* _PROBLEM STATEMENT_: Begin your copy at the line with "A complete backup of kmccontrols.com" in the records below and end it at the line with "St. Patricks Day", restating each line word for word; omit the pictures.

* _STORED DATA_:
= Beginning of Section =

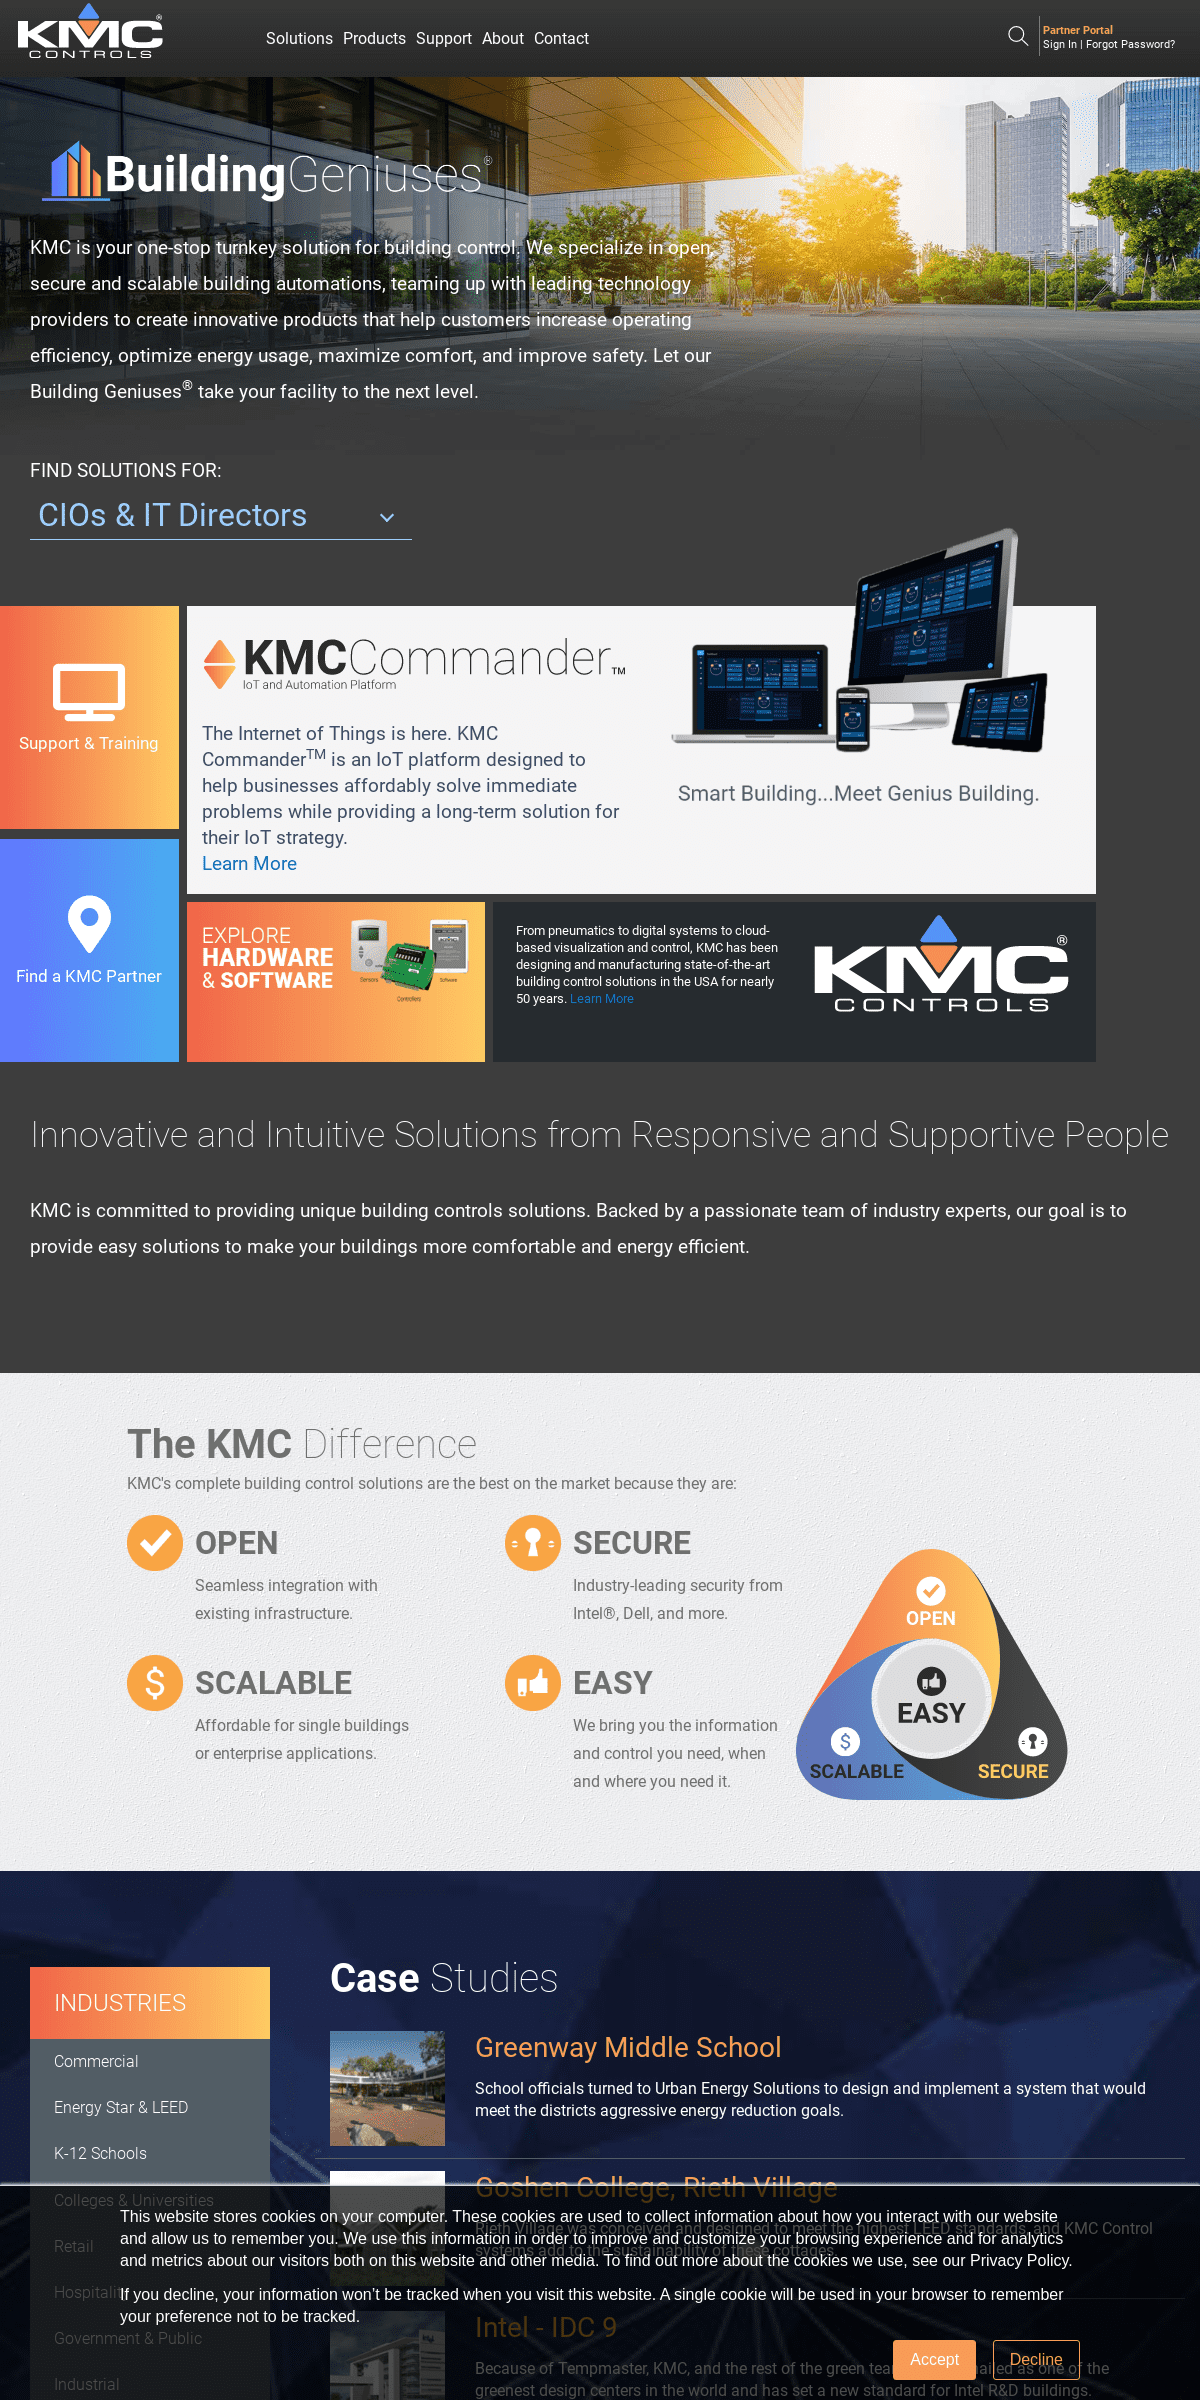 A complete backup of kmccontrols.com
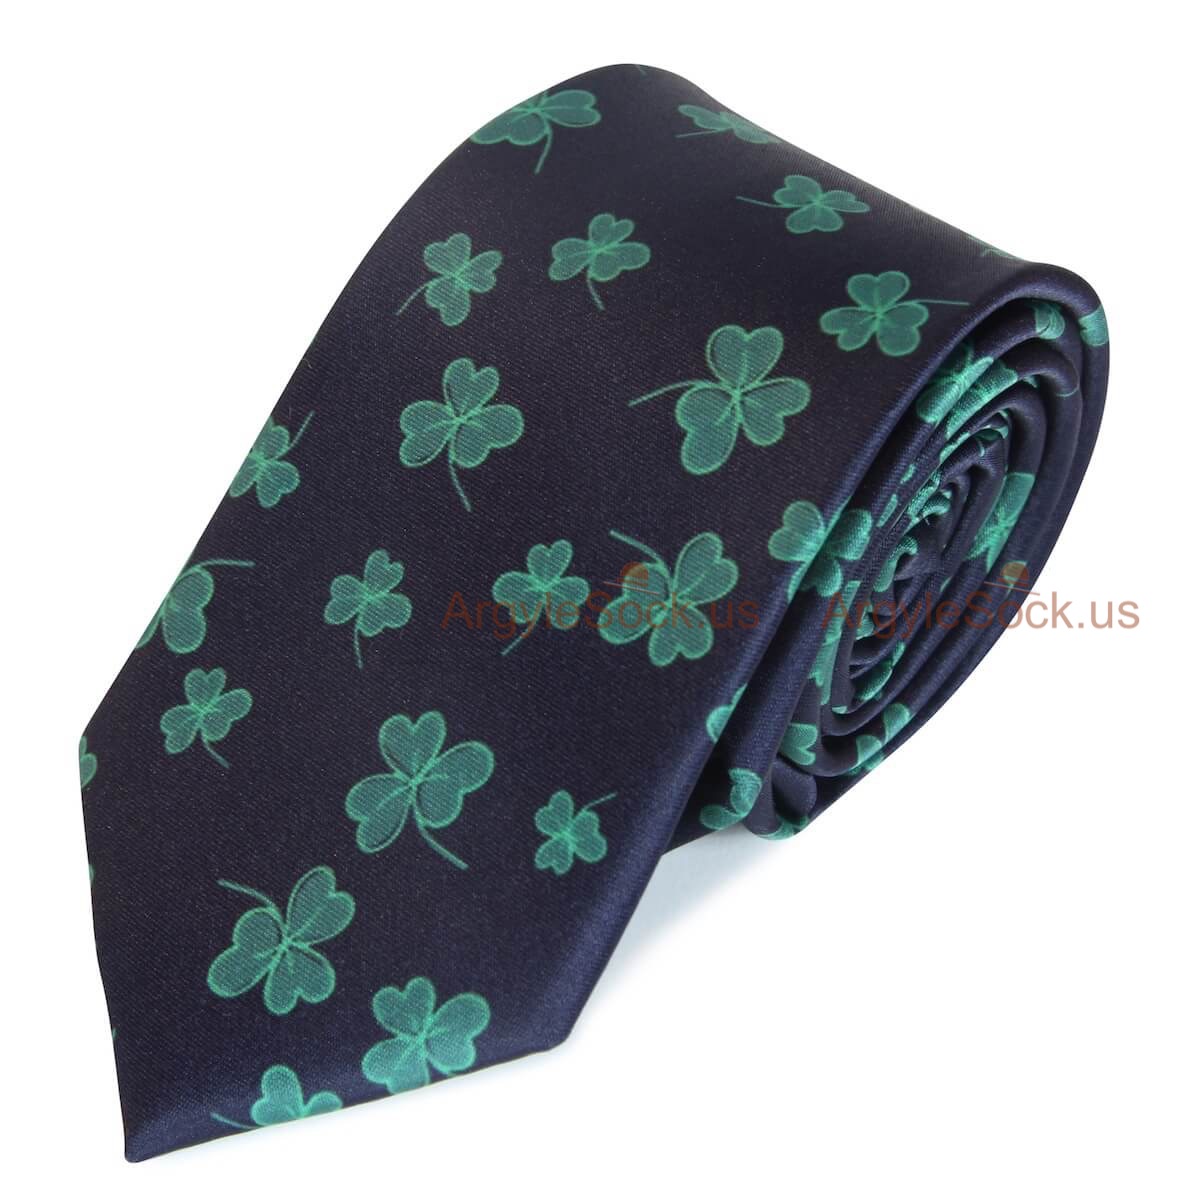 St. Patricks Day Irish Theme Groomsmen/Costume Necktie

= End of Section =
= Beginning of Section =

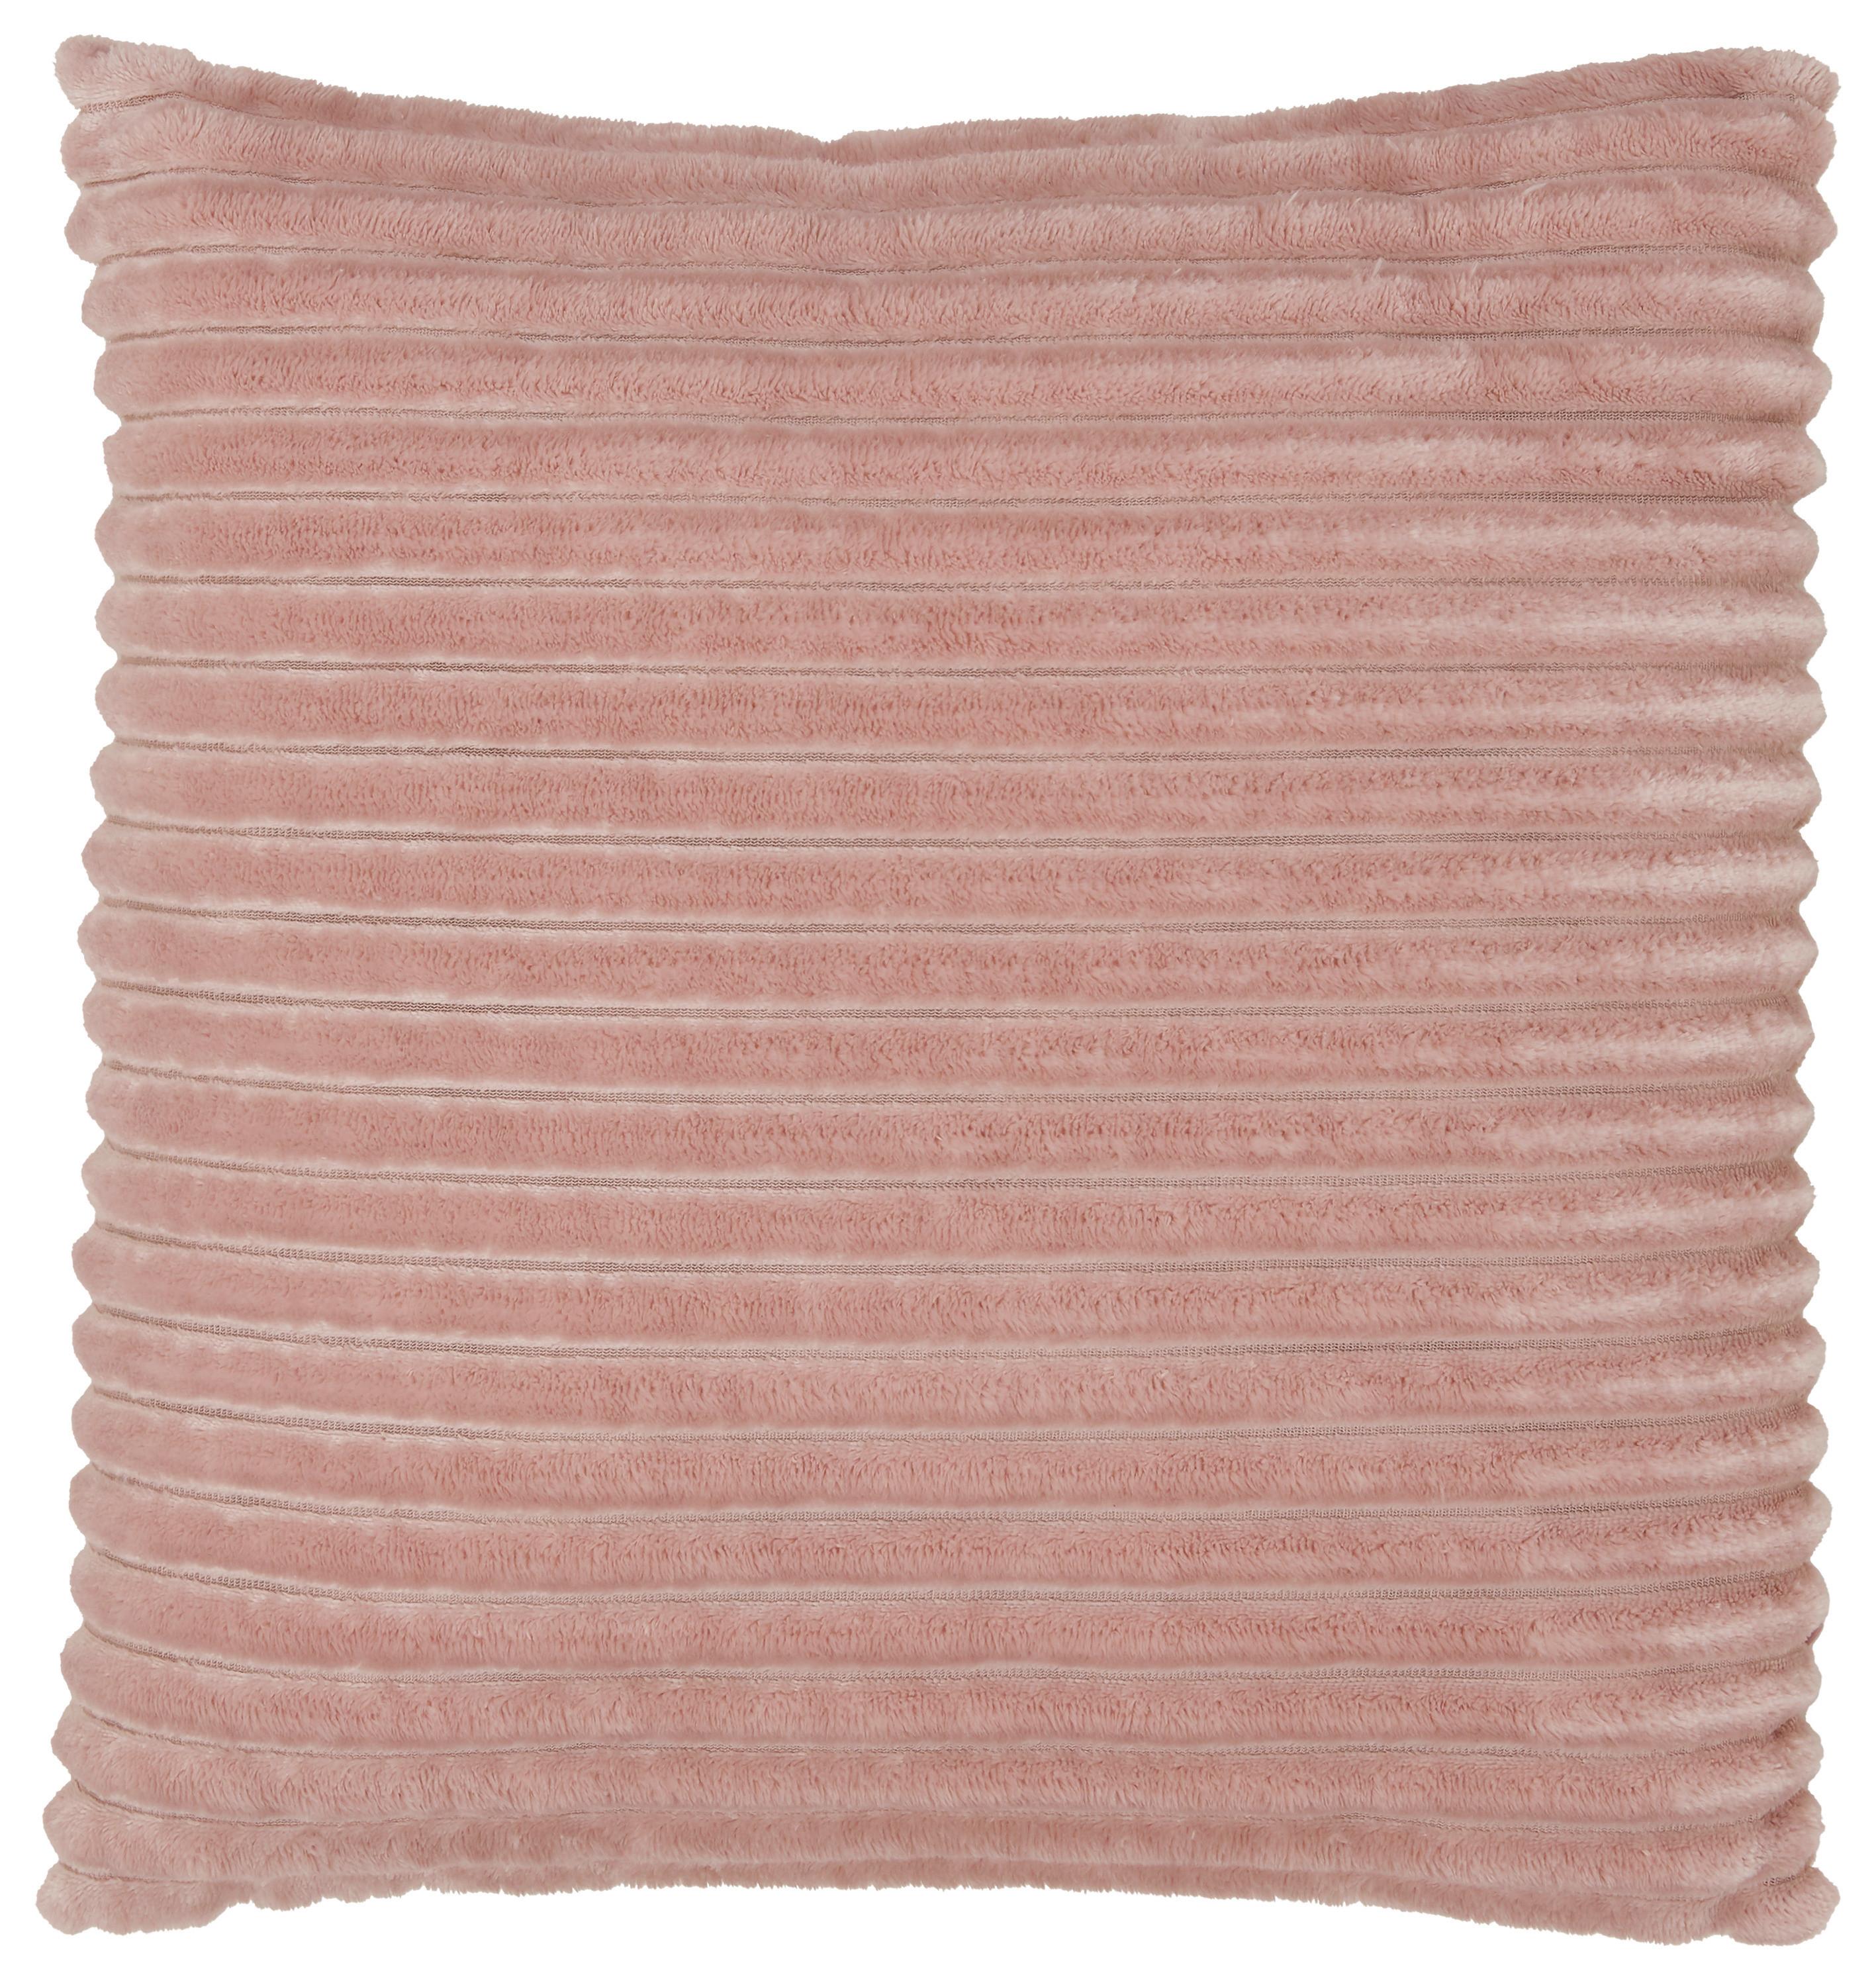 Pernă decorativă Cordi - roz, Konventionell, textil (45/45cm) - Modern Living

= End of Section =
= Beginning of Section =

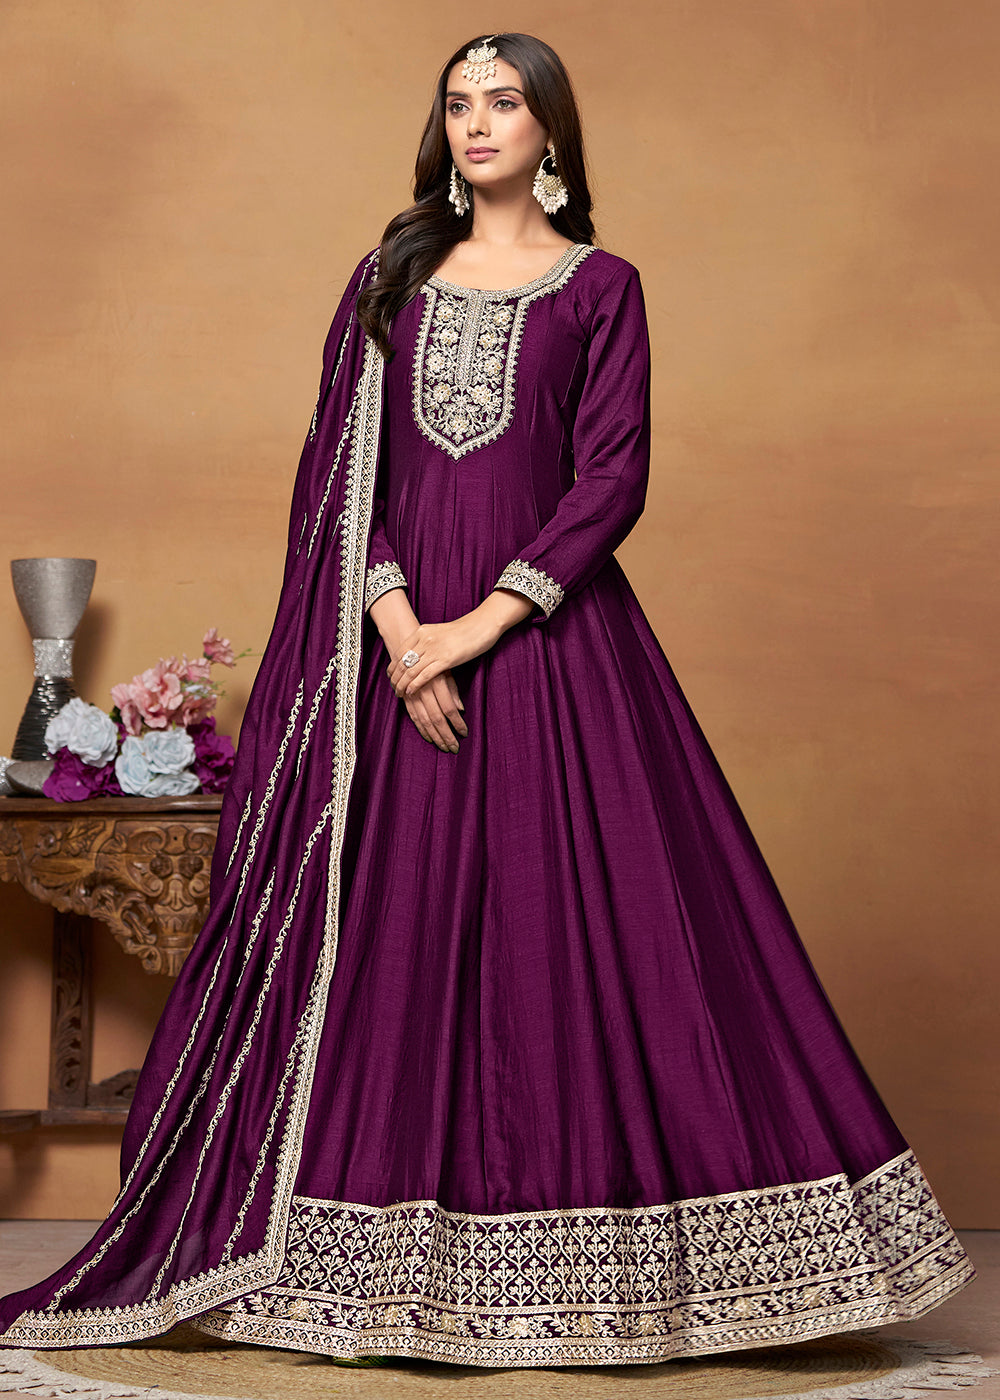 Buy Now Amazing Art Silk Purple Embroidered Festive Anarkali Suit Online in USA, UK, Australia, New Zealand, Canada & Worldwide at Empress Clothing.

= End of Section =

* _WRITTEN REPLY_:
 A complete backup of kmccontrols.com
 St. Patricks Day Irish Theme Groomsmen/Costume Necktie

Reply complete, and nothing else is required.